Thanks in advance for any possible answer.

f2harrell · January 25, 2021, 12:44pm

Just a few notes.

It is not a good goal to seek “statistical significance”
It is not valid to compare two confidence intervals; instead compute a confidence interval for the double difference
Better to put this in the context of a well-formulated unified statistical model so that we can see all the parameters involved and better understand their meaning

cs1972 · January 25, 2021, 1:23pm

Dear Dr. Harrell,
Thank you very much for your fast reply.

-I completely agree with your comment about statistical significance. I might miss-expressed myself, as I am not “looking for” a p-value as much as knowing if I can claim that there is a non-trivial difference between the summer/ winter differences. Yet, if that would come together with a p-value, that would be convenient for possible publication.

I see that the correct approach would be computing a confidence interval for the double difference. In fact, that is what I have read about confidence intervals of means’ differences. However, I am not sure how to conduct such a calculation in this case.

-To get help with the previous, I should probably provide more context. I apologize for not having done it in the first instance and I hope to make it better now (please, correct me if I missunderstood which information I should provide).
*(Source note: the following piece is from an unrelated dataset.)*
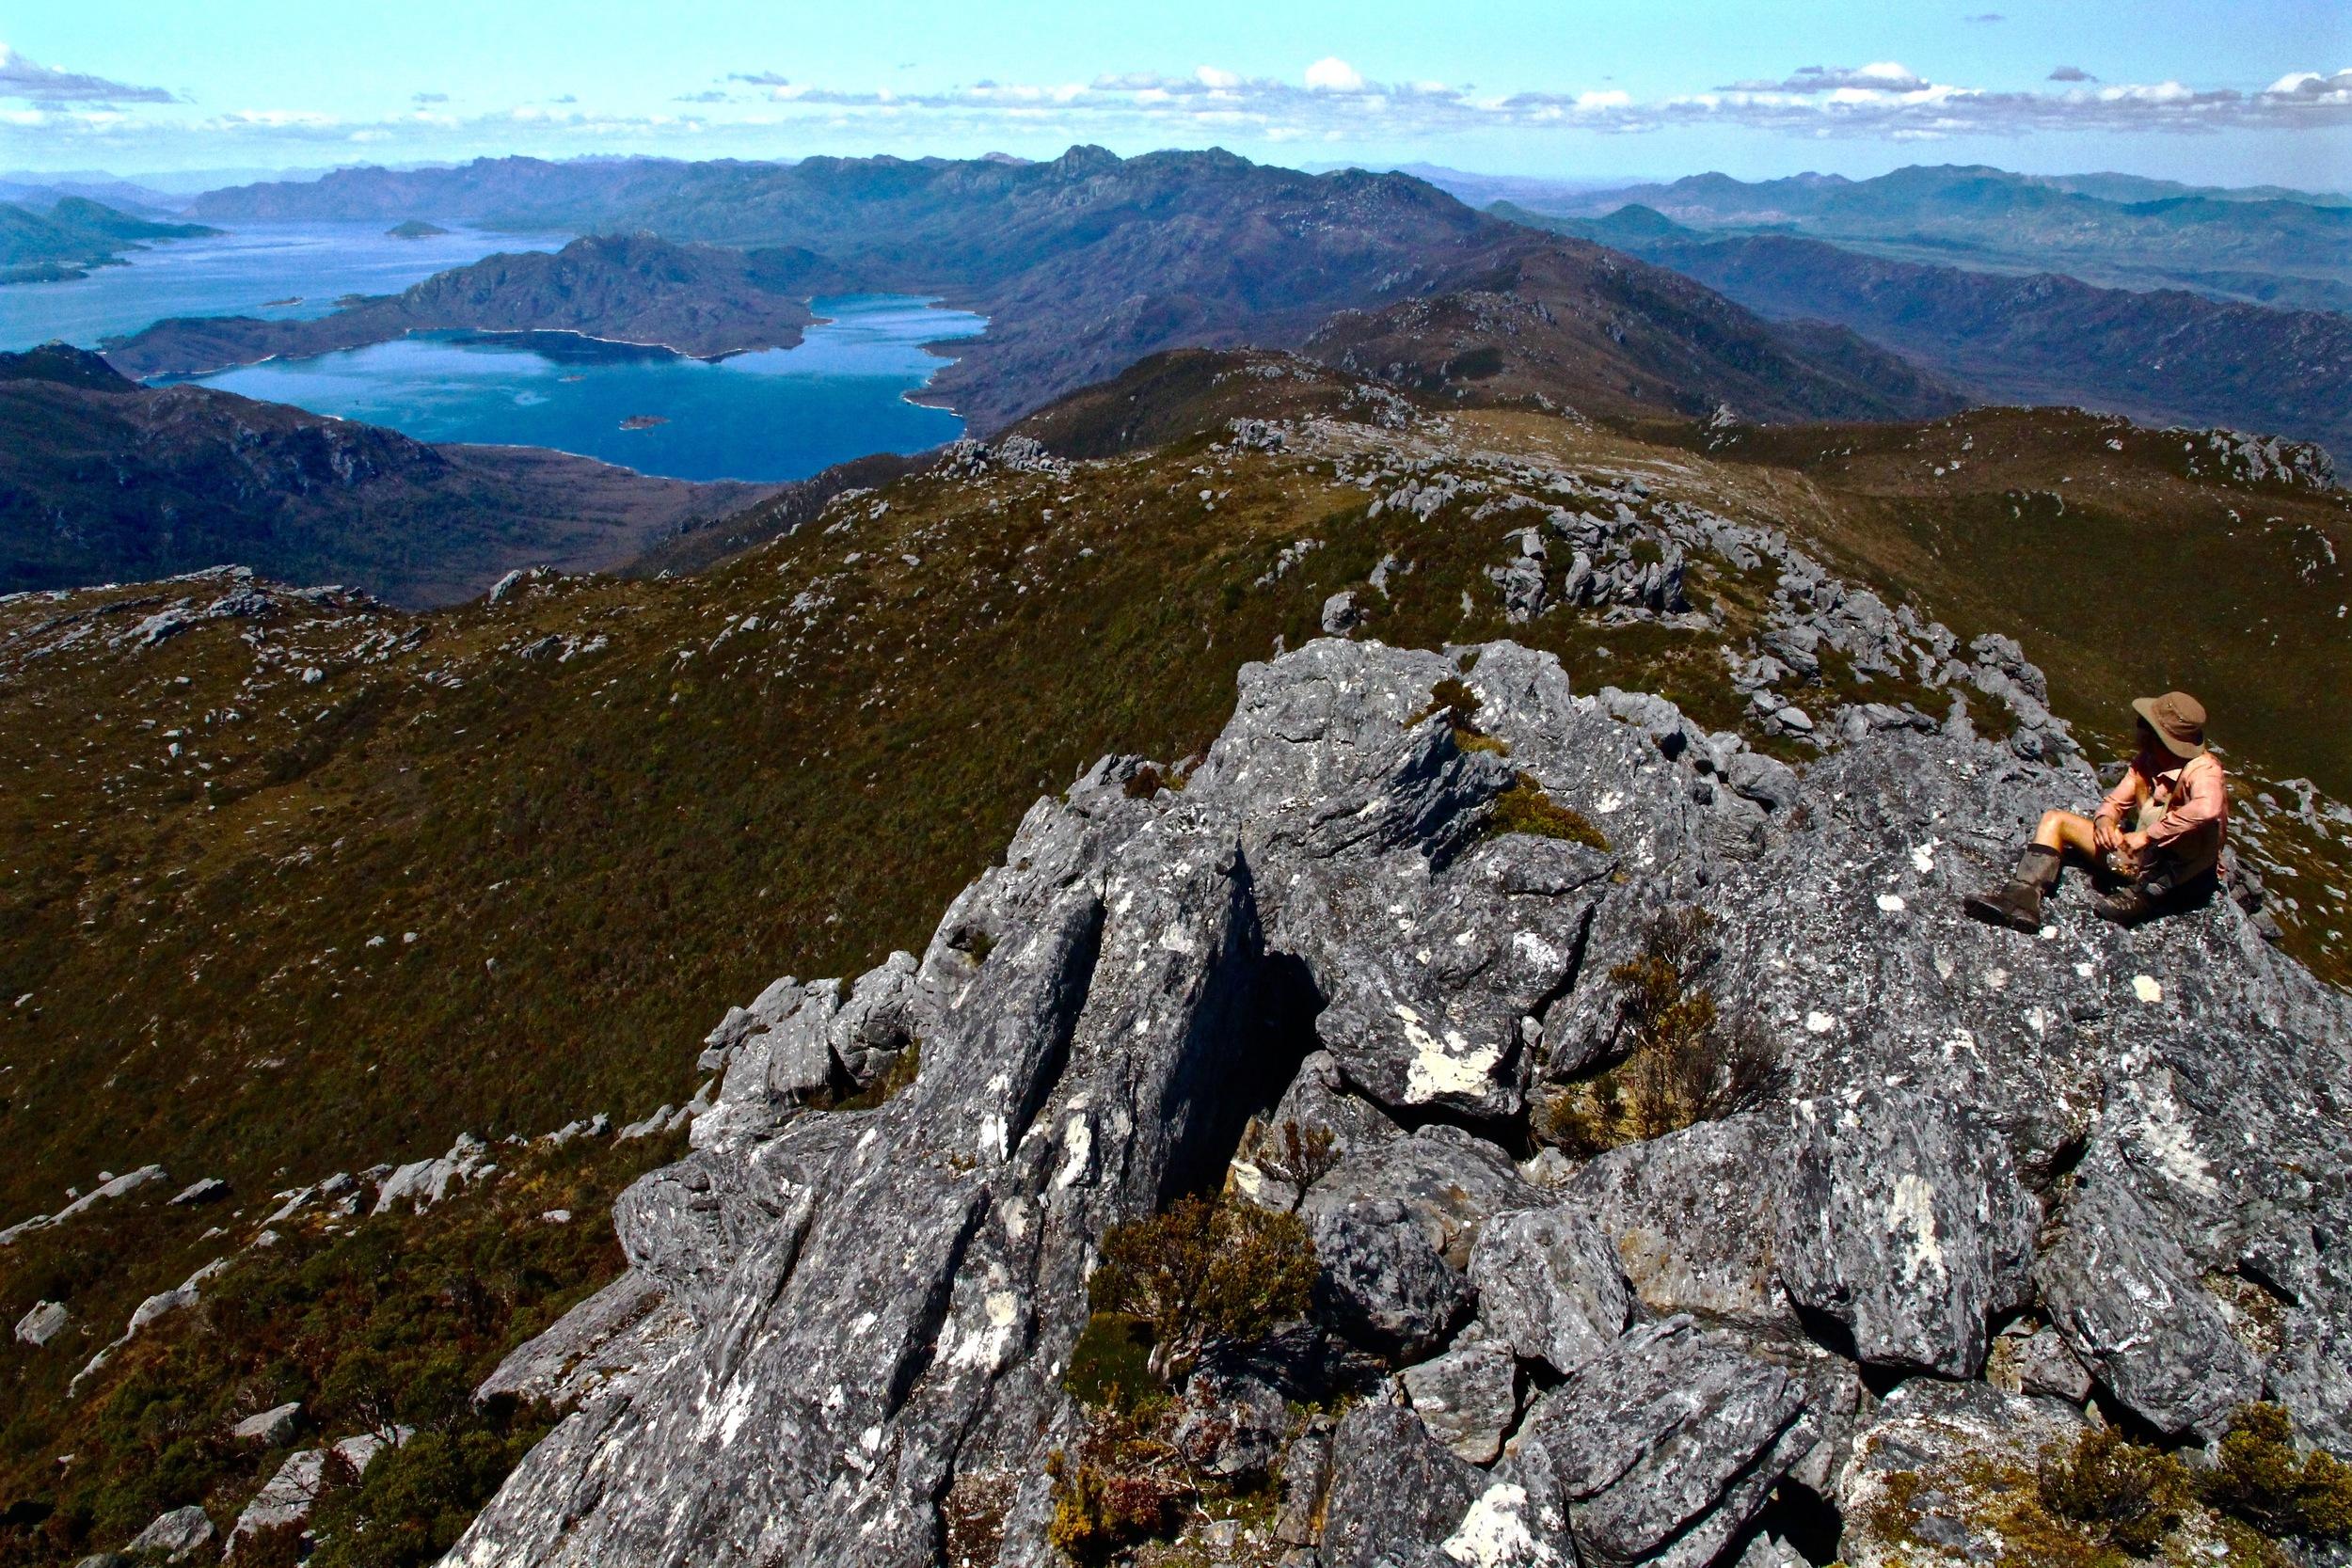 Wild Pedder - The Frankland & Wilmot Ranges from Mount Sprent

my dependent variable is the score in a psychometric scale which provides a continuous score between 0 an 100. I have used the qcomhd function for R to calculate the differences between two groups at specified quantiles (in this case, the quartiles) of the obtained scores. Therefore, I obtained a bootstrap estimate of the value of each quartile in each group and also an estimate of the groups’ difference at each quartile with its 95%CI. As mentioned in my original post, I evaluated my sample in two different moments (summer/ winter) and I would like to provide information about the following questions

A) Differences between groups at each quartile in summer or winter. This is “solved” because that is what qcomhd calculates.

B) To draw valid conclusions about whether the between group differences for a quantile (e.g. the median) are similar/ different to those observed at other quantiles. I (probably uncorrectly) assumed that I could do that by checking whether or not the confidence intervals of the median contain the point estimate of other quantile (e.g. Q1). That is, are differences at the median similar or different than those observed at Q1?
C) Obtain similar conclusions when comparing the same quantile in the summer/ winter measurements. For instance, is the between-groups difference at the medians similar in the summer than in the winter?
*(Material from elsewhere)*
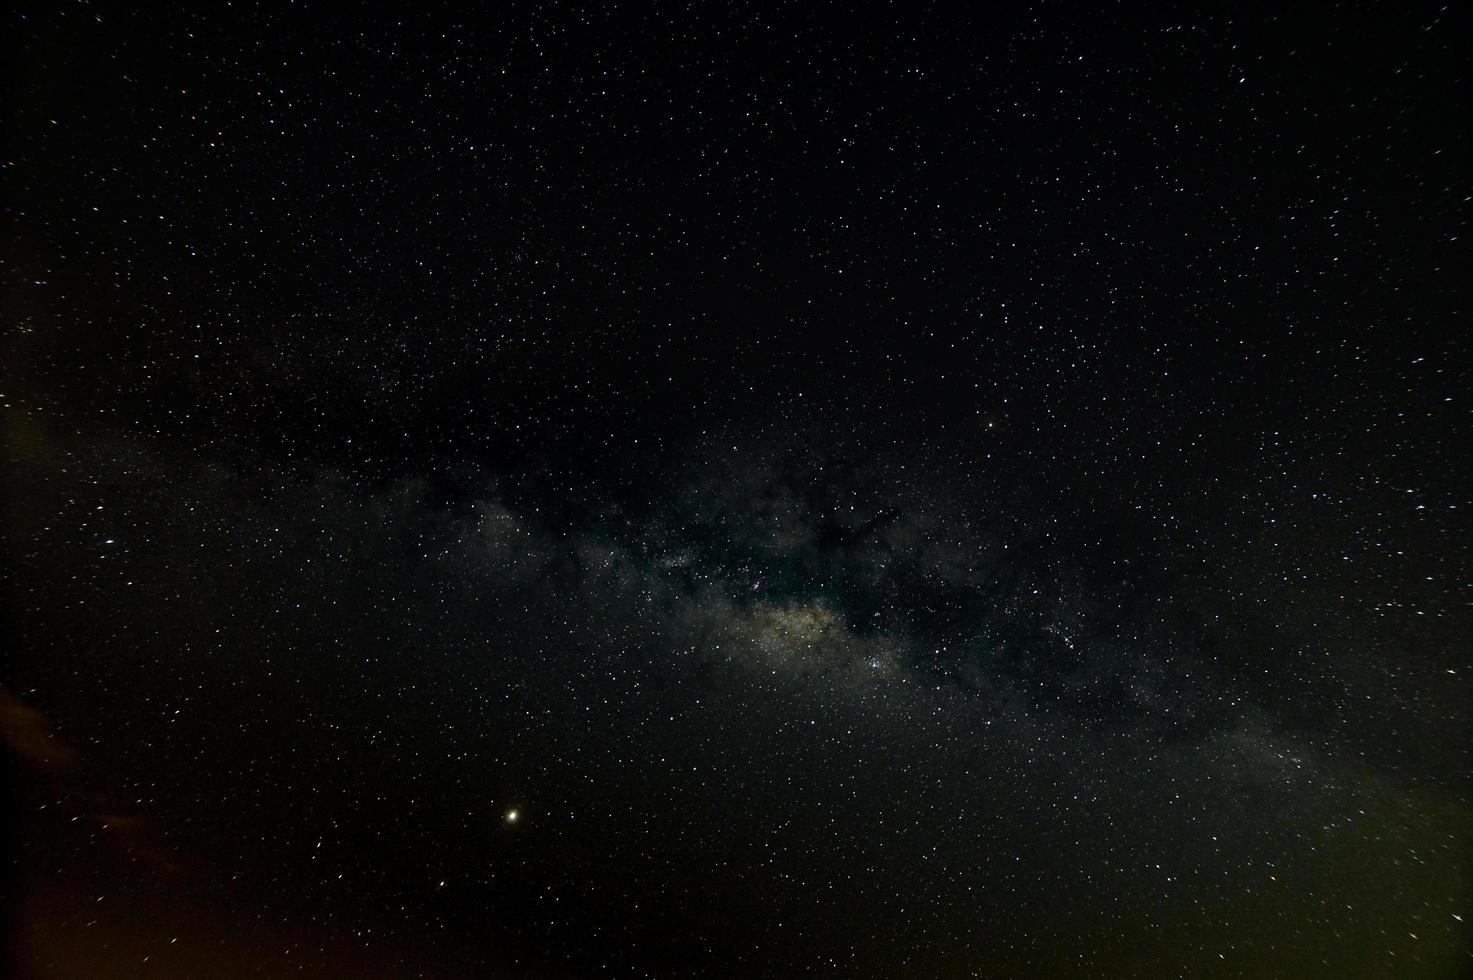 via lattea nel cielo notturno profondo foto

I apologize for the extension of this reply and for any error or confusing expression it may contain.

f2harrell · January 25, 2021, 10:19pm

I’m such a modeler that sometimes I have trouble understanding things that are not stated as models. Would it be possible to write down a model that includes a parameter for your major quantity of interest? It’s probably an interaction effect.

cs1972 · January 26, 2021, 8:25am

Dr. Harrell,

Thanks for your answer.

I do not know if -or how- such a model could be build. I am a not a statistician, just a researcher trying to look for a correct way to analyze her data.

I say so because this is a case that, in my field, would be ordinarily assessed in terms of mixed model two-way ANOVA (time x group). However, that would imply assuming normality (while the data are very skewed and the dependent variable is bounded between 0 and 100) and exclusively focusing on the groups’ means (although it does not make sense due to shape of the groups’ scores distributions) .

f2harrell · January 26, 2021, 12:41pm

I think that a model similar to that would be what you need. I think I’ve noticed recent work on random effects quantile regression. Better to me would be semiparametric ordinal regression with random effects or other ways to model dependency such as a Markov model.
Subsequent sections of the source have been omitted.